This package includes routines to check whether an ideal is geometrically vertex decomposable.
Geometrically vertex decomposable ideals can be viewed as a generalization of the properties of the Stanley-Reisner ideal of a vertex decomposable simplicial complex. This family of ideals is based upon the geometric vertex decomposition property defined by Knutson, Miller, and Yong [KMY]. Klein and Rajchgot then gave a recursive definition for geometrically vertex decomposable ideals in [KR] using this notion.
An unmixed ideal $I$ in a polynomial ring $R$ is geometrically vertex decomposable if it is the zero ideal, the unit ideal, an ideal generated by indeterminates, or if there is a indeterminate $y$ of $R$ such that two ideals $C_{y,I}$ and $N_{y,I}$ constructed from $I$ are both geometrically vertex decomposable.
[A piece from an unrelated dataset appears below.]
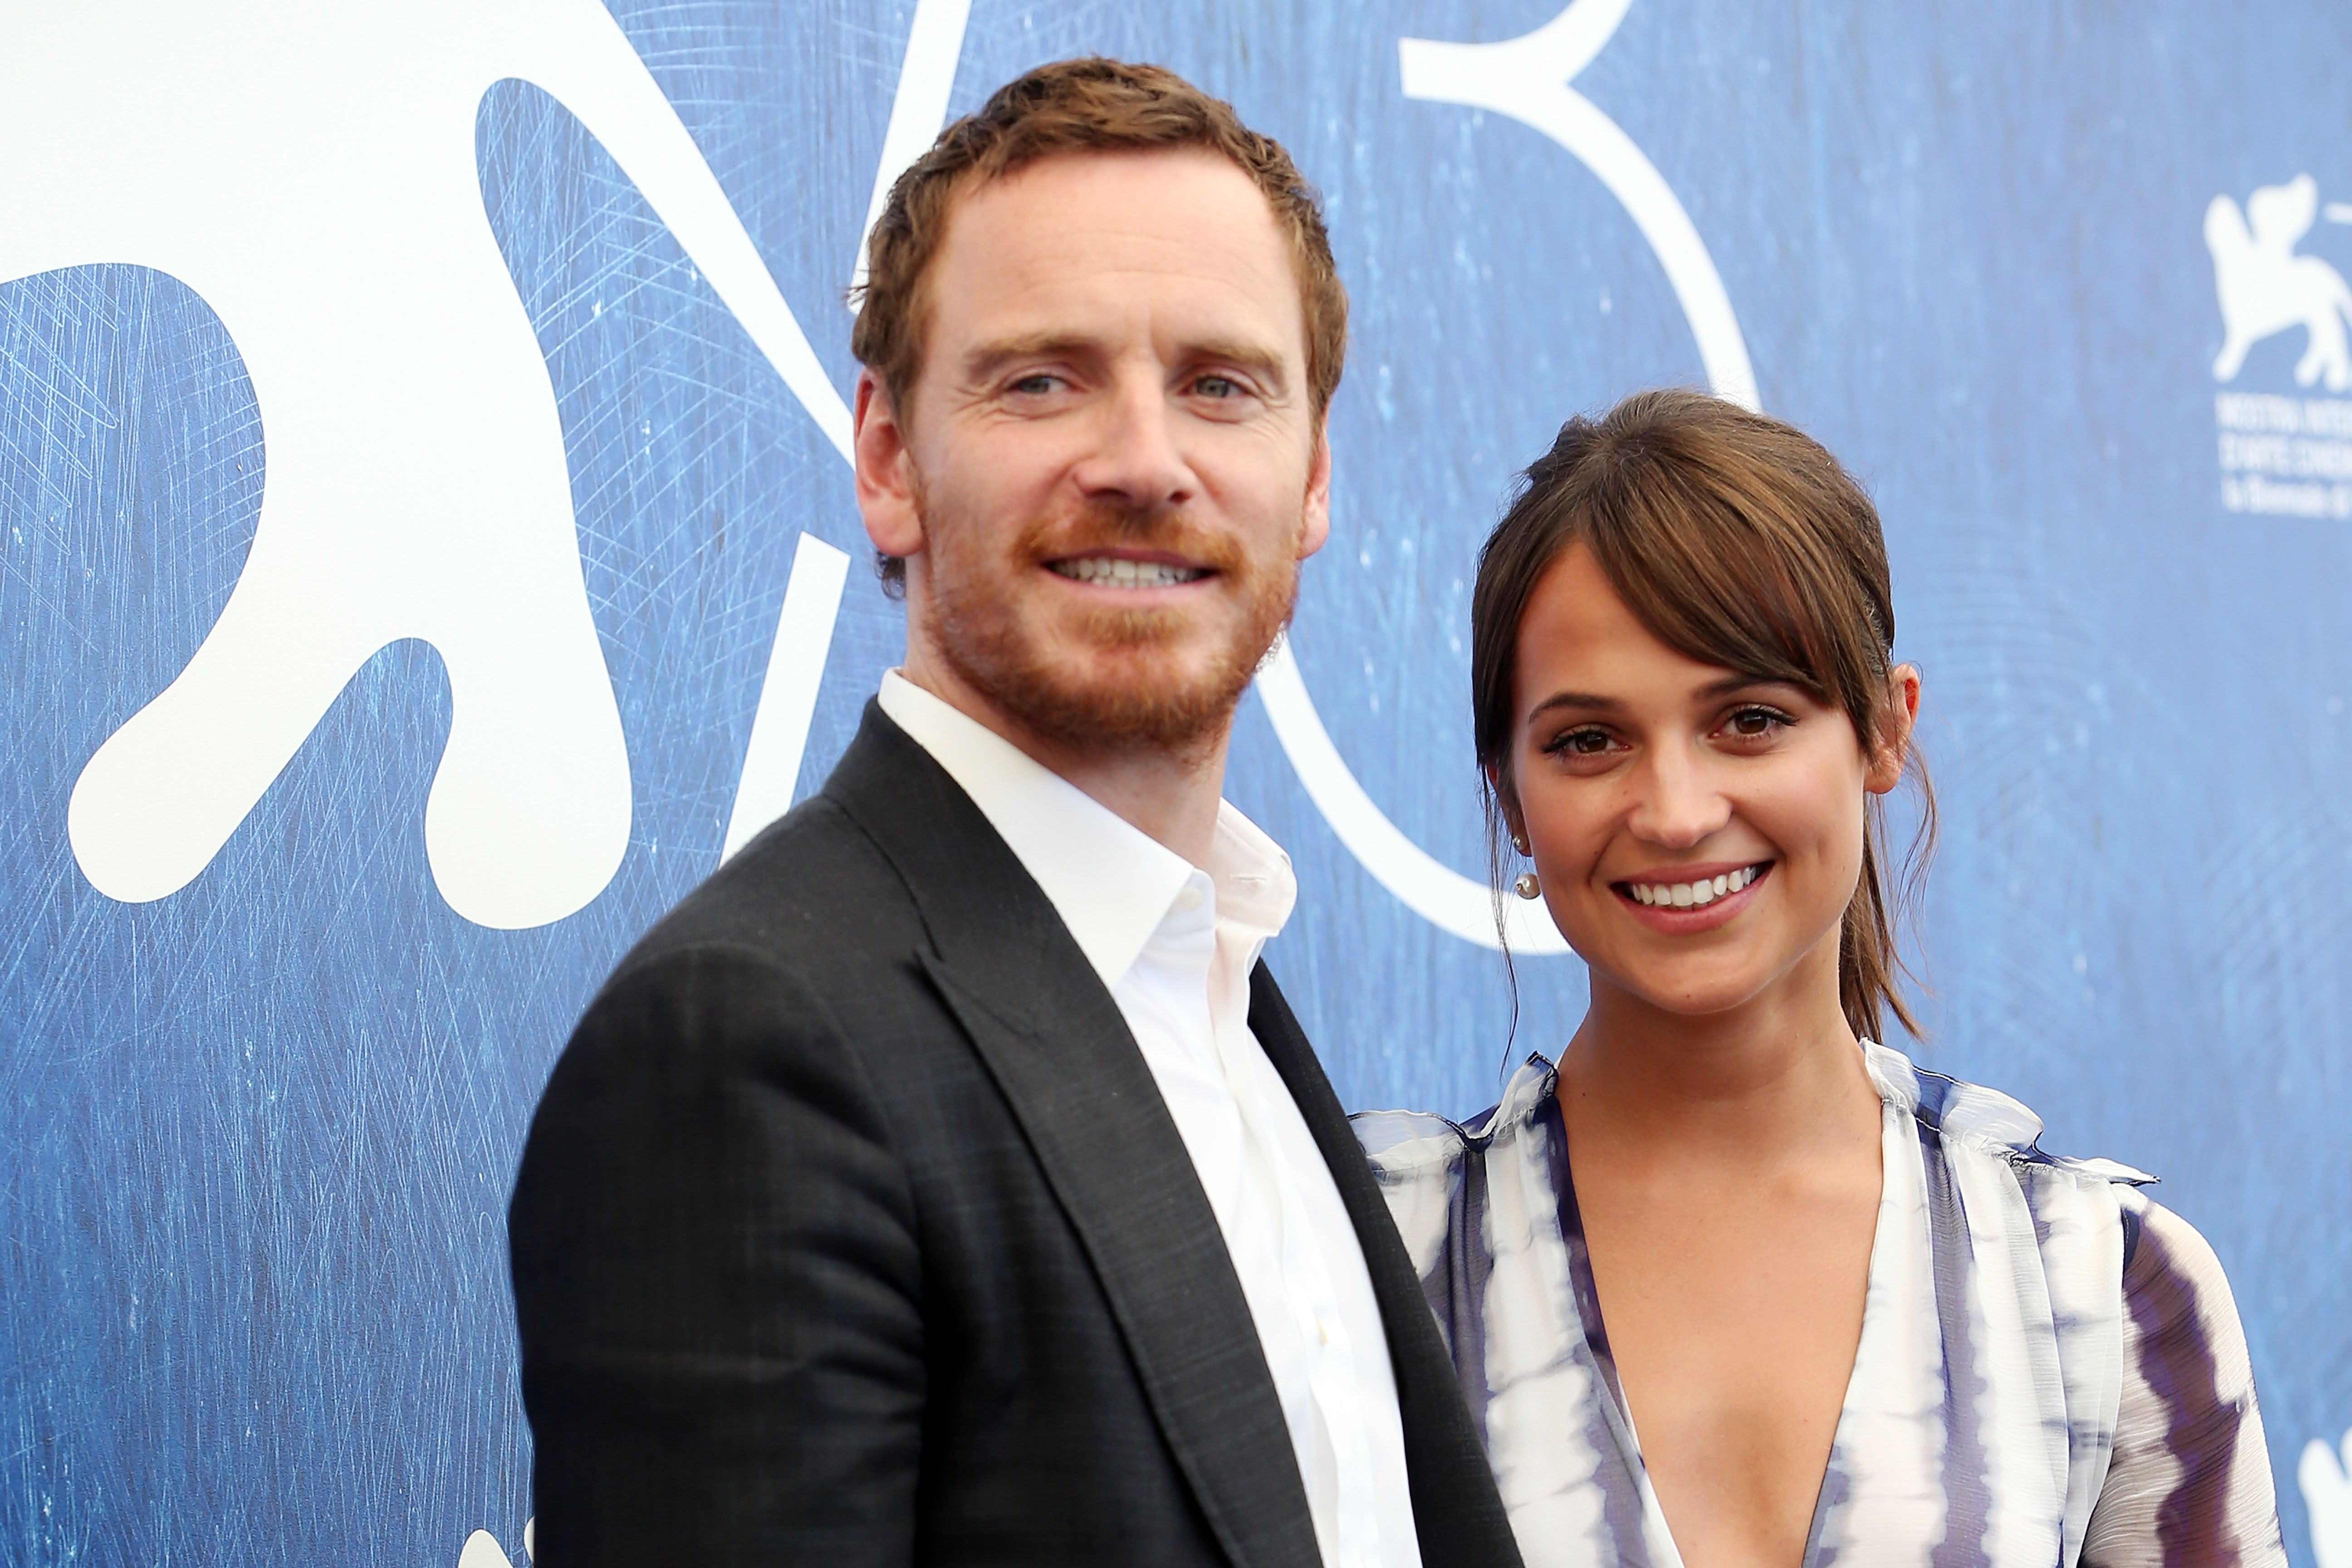 Michael Fassbender, Alicia Vikander privately welcomed baby

For the complete definition, see isGVD.
Observe that a geometrically vertex decomposable ideal is recursively defined. The complexity of verifying that an ideal is geometrically vertex decomposable will increase as the number of indeterminates appearing in the ideal increases.
We thank Sergio Da Silva, Megumi Harada, Patricia Klein, and Jenna Rajchgot for feedback and suggestions. Additionally, we thank the anonymous referees of the paper [CVT] for their concrete suggestions that significantly improved that manuscript and this package. Cummings was partially supported by an NSERC USRA and CGS-M and a Milos Novotny Fellowship. Van Tuyl's research is partially supported by NSERC Discovery Grant 2019-05412.
[CDSRVT] Mike Cummings, Sergio Da Silva, Jenna Rajchgot, and Adam Van Tuyl. Geometric vertex decomposition and liaison for toric ideals of graphs. Algebr. Comb., 6(4):965–997, 2023.
[CVT] Mike Cummings and Adam Van Tuyl. The GeometricDecomposability package for Macaulay2. Preprint, available at arXiv:2211.02471, 2022.
[DSH] Sergio Da Silva and Megumi Harada. Geometric vertex decomposition, Gröbner bases, and Frobenius splittings for regular nilpotent Hessenberg Varieties. Transform. Groups, 2023.
[KMY] Allen Knutson, Ezra Miller, and Alexander Yong. Gröbner geometry of vertex decompositions and of flagged tableaux. J. Reine Angew. Math. 630 (2009) 1–31.
[KR] Patricia Klein and Jenna Rajchgot. Geometric vertex decomposition and liaison. Forum Math. Sigma, 9 (2021) e70:1-23.
[SM] Hero Saremi and Amir Mafi. Unmixedness and arithmetic properties of matroidal ideals. Arch. Math. 114 (2020) 299–304.
Version 1.2 of this package was accepted for publication in volume 14 of Journal of Software for Algebra and Geometry on 2024-01-23, in the article The GeometricDecomposability package for Macaulay2 (DOI: 10.2140/jsag.2024.14.41). That version can be obtained from the journal or from the Macaulay2 source code repository.
This documentation describes version 1.4.1 of GeometricDecomposability.
The source code from which this documentation is derived is in the file GeometricDecomposability.m2.
The object GeometricDecomposability is a package.